The accuracy of the classifier in detecting fake news must be observed in order for it to function properly, as failing to detect fake news might be harmful to different people. Some popular classifiers that are used for this purpose in machine learning are given below: naïve bayes, support vector machines (SVMs), random forests, k-nearest neighbors (KNNs), decision trees, and logistic regression. Some common deep learning algorithms used for this purpose are convolutional neural networks (CNNs), bidirectional long short-term memory networks (BI-LSTMs), recurrent neural networks (RNNs), and graph neural networks (GNNs) [9,10,11,12,13,14,15,16]. Figure 1 shows the concept of detecting fake news using machine or deep learning algorithms.
Figure 1. Detecting fake news using machine or deep learning algorithms.
The research questions of the literature review will be answered by focusing on machine learning and deep learning for fake news detection. They will also address how machine learning and deep learning can be utilized for fake news detection through examining the relevant work in the literature. This can serve as a stepping stone toward developing a methodology for this research. Papers from various databases will be presented, utilizing the inclusion and exclusion technique, which will be discussed in this literature review [17,18,19,20,21].
The quality of all literature reviews of the collected research papers will be evaluated based on the research presented in those papers.

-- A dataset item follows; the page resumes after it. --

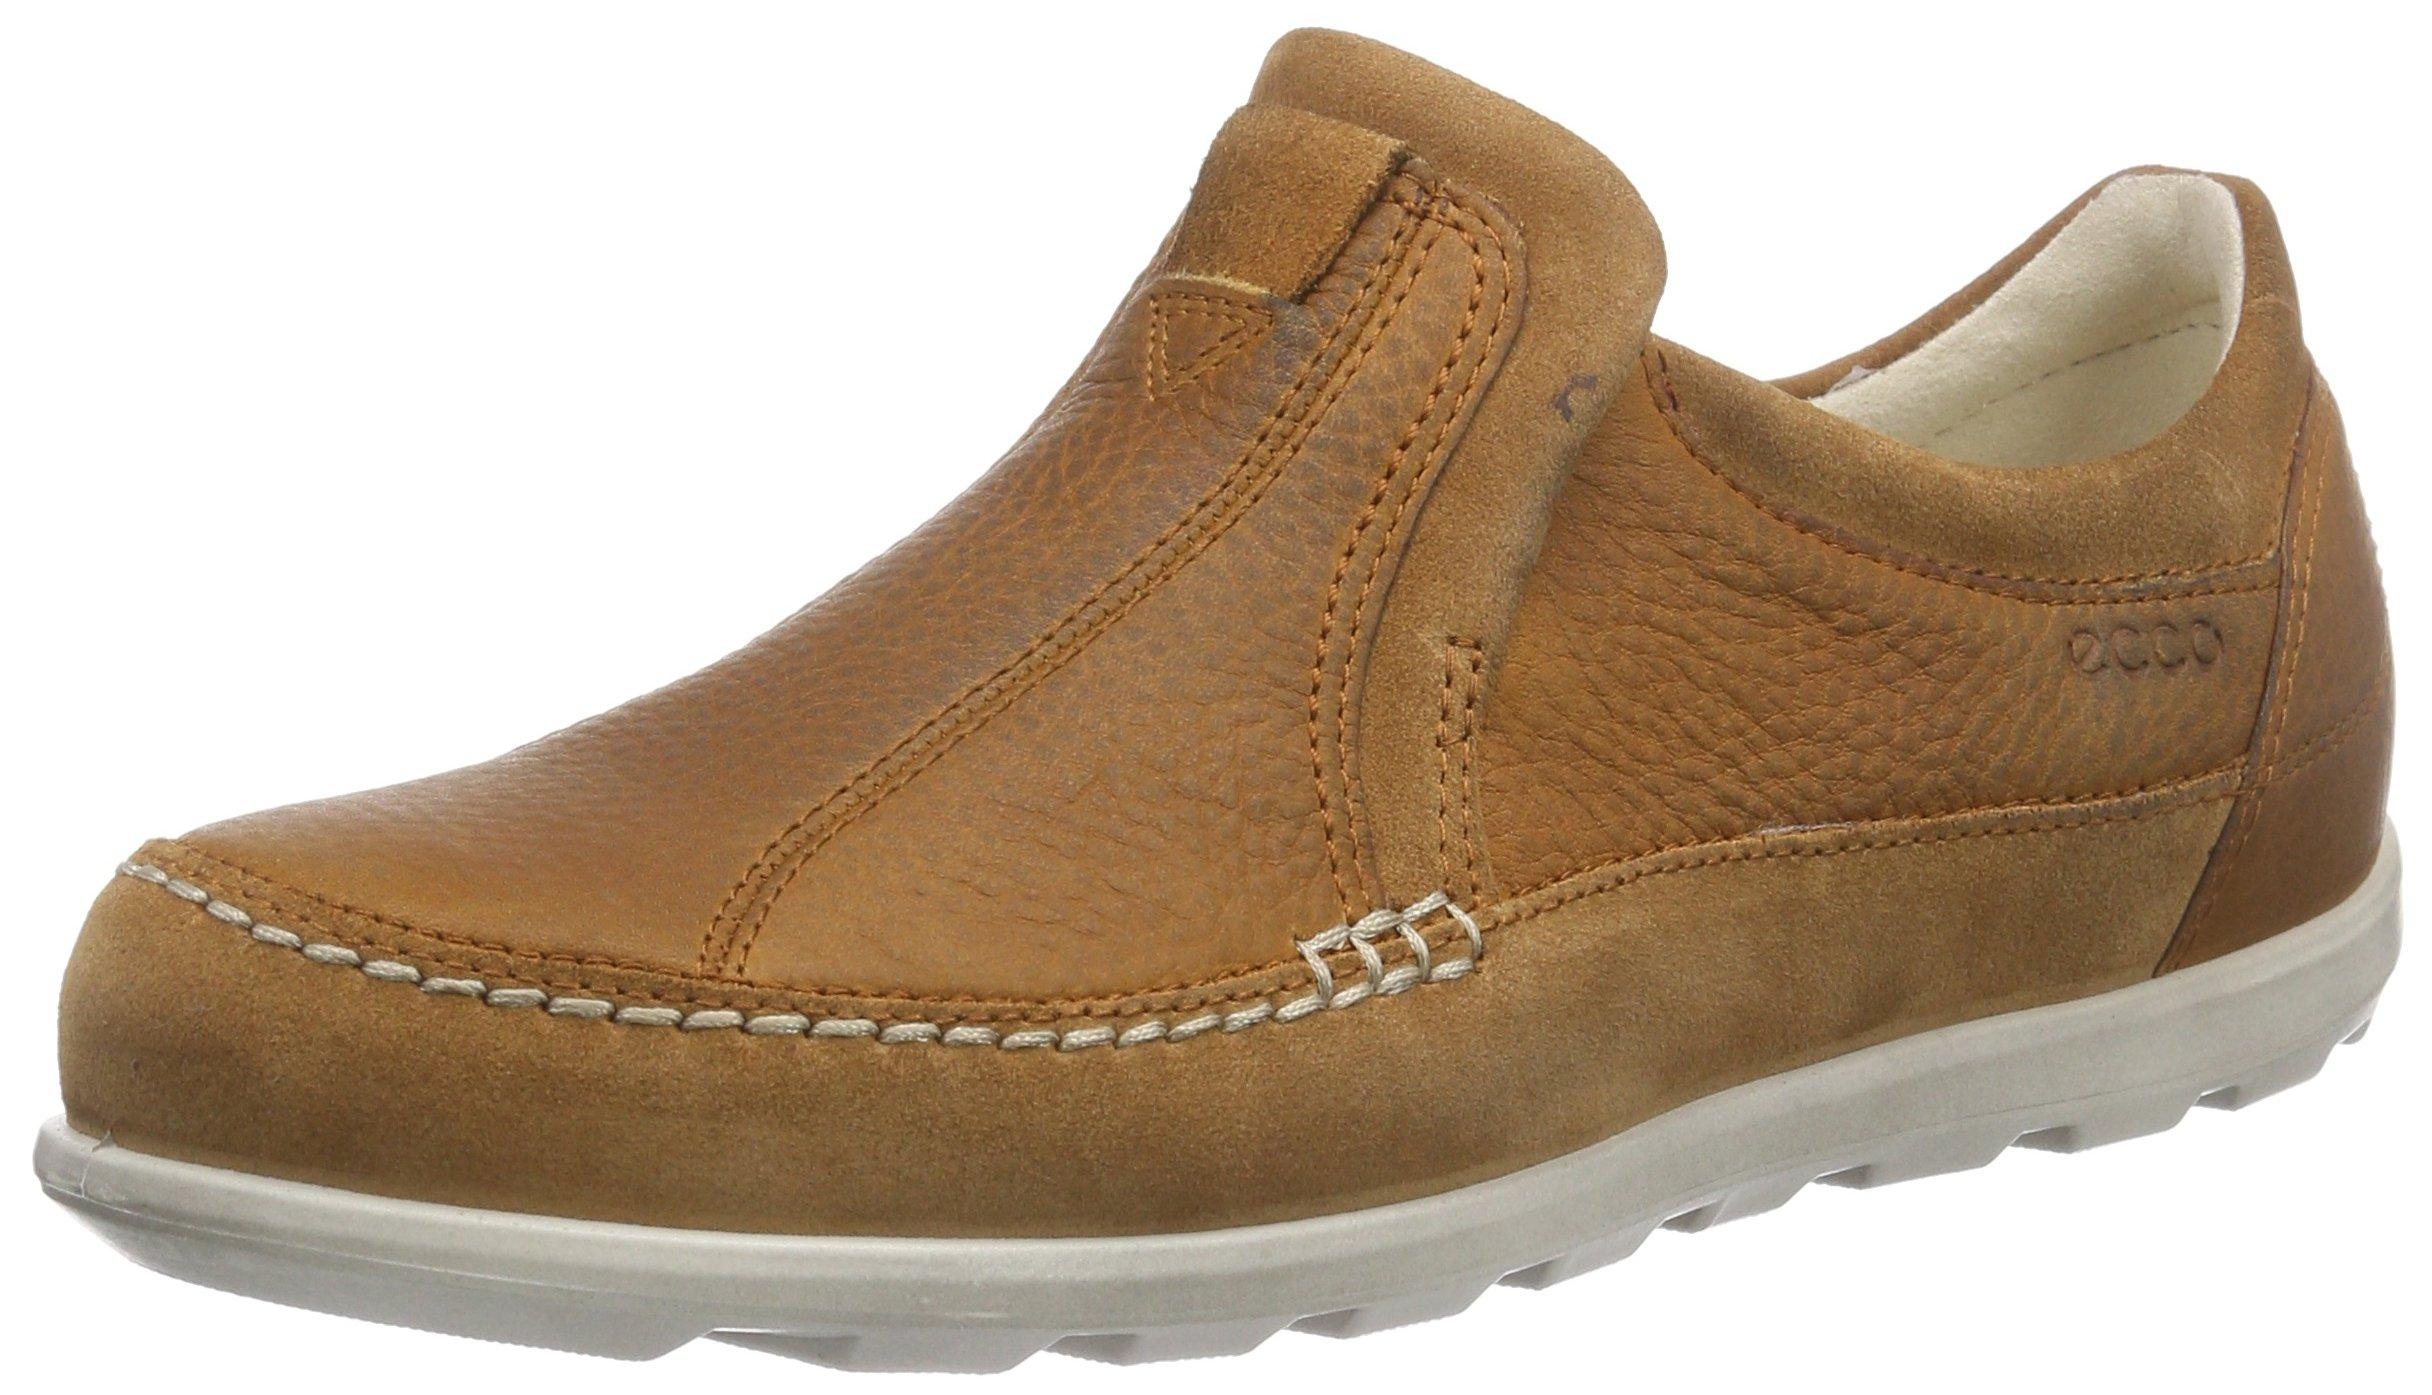 Ecco Footwear Womens Cayla Slip On Flat, Amber, 38 EU/7-7.5 M US

Papers in which researchers have demonstrated the use of machine learning and deep learning to detect fake news will be considered high-quality papers and included in this research.
Qualitative research methods will be used to collect data. Qualitative research uses non-numerical data to understand and interpret fake news detection experiences using machine learning and deep learning by making comparisons between previous scientific papers to extract results, for example, algorithms, datasets, years of publication, features, and accuracy. The rest of the paper is structured around the related works in Section 2. Section 3 explains the methodology and research questions. Section 4 presents the results and discussion, and the conclusion is presented in Section 5. Finally, references are provided for the papers discussed in this literature review.

3. Methodology

This section focuses on presenting a comprehensive discussion of the research methodology, where the research strategy, the purpose of the research, how data was collected and analyzed, quality standards, and ethical considerations of the research are discussed. In this research, qualitative research methods are used, based on the analysis of literature reviews extracted from various available research databases. Qualitative research is a research approach with a deep and interpretive focus on phenomena, relying on the context and complexity of the situations under study. In this research, the aim is not only to answer specific questions, but also to delve deeper into understanding the meanings, expectations, and experiences of the individuals or groups concerned. Qualitative methods often include data collection through observations or document analysis, which helps researchers and participants interact quickly with each other. Systematic literature reviews (SLRs) have been increasing in the field of management research. They focus on reviews between journals and researchers, as well as comprehensive searches of scientific databases for research data and application of inclusion/exclusion criteria, thus leading to theoretically and methodologically accurate results to build a reliable foundation for scholars and researchers.
In order to have comprehensive coverage of the relevant work, this review is conducted based on the guidelines provided by Kitchenhamy et al. [19], which contain several stages: “research questions”, “search process”, and compliance with PRISMA 2020 guidelines [36]. The flow diagram is presented in Figure 2, and the completed checklist is provided in the Supplementary Materials.
Figure 2. PRISMA flow diagram to include papers captured by this research.
In this study, key results are presented through summary tables showing the characteristics and outcomes of included studies. Moreover, current challenges and future trends are highlighted based on the identification of research gaps.

3.1. Research Questions

This section outlines the research questions that defined the direction of this study:
  • RQ1: What is the accuracy of the primary techniques employed to detect fake news?
  • RQ2: What datasets are used?
  • RQ3: Do gaps affect model performance?

3.2. Search Process

The search process was conducted by manually searching for the facts of research papers in scientific journals from 2018 to 2025. The search process used in this review can be further detailed as follows:

3.2.1. Sources and Data Collection

∙ The search method includes articles in journals and conference proceedings published between 2018 and 2025. The search was not limited to a single publisher and included leading sources such as IEEE, Intelligent Systems, EMNLP, ACM, Springer, Elsevier, JAIR, AAAI, and ACL. Furthermore, we extended the search to research-oriented databases, including Scopus, Web of Science, DBLP, and Google Scholar, to ensure comprehensive coverage of the relevant literature. Thus, the citations of all chosen articles were reviewed to find out which papers were not cited as relevant.

3.2.2. Search Keywords

The keywords discussed in the research questions of this research study are as follows:
Fake news, detection, machine learning, algorithms, deep learning, accuracy, features, dataset.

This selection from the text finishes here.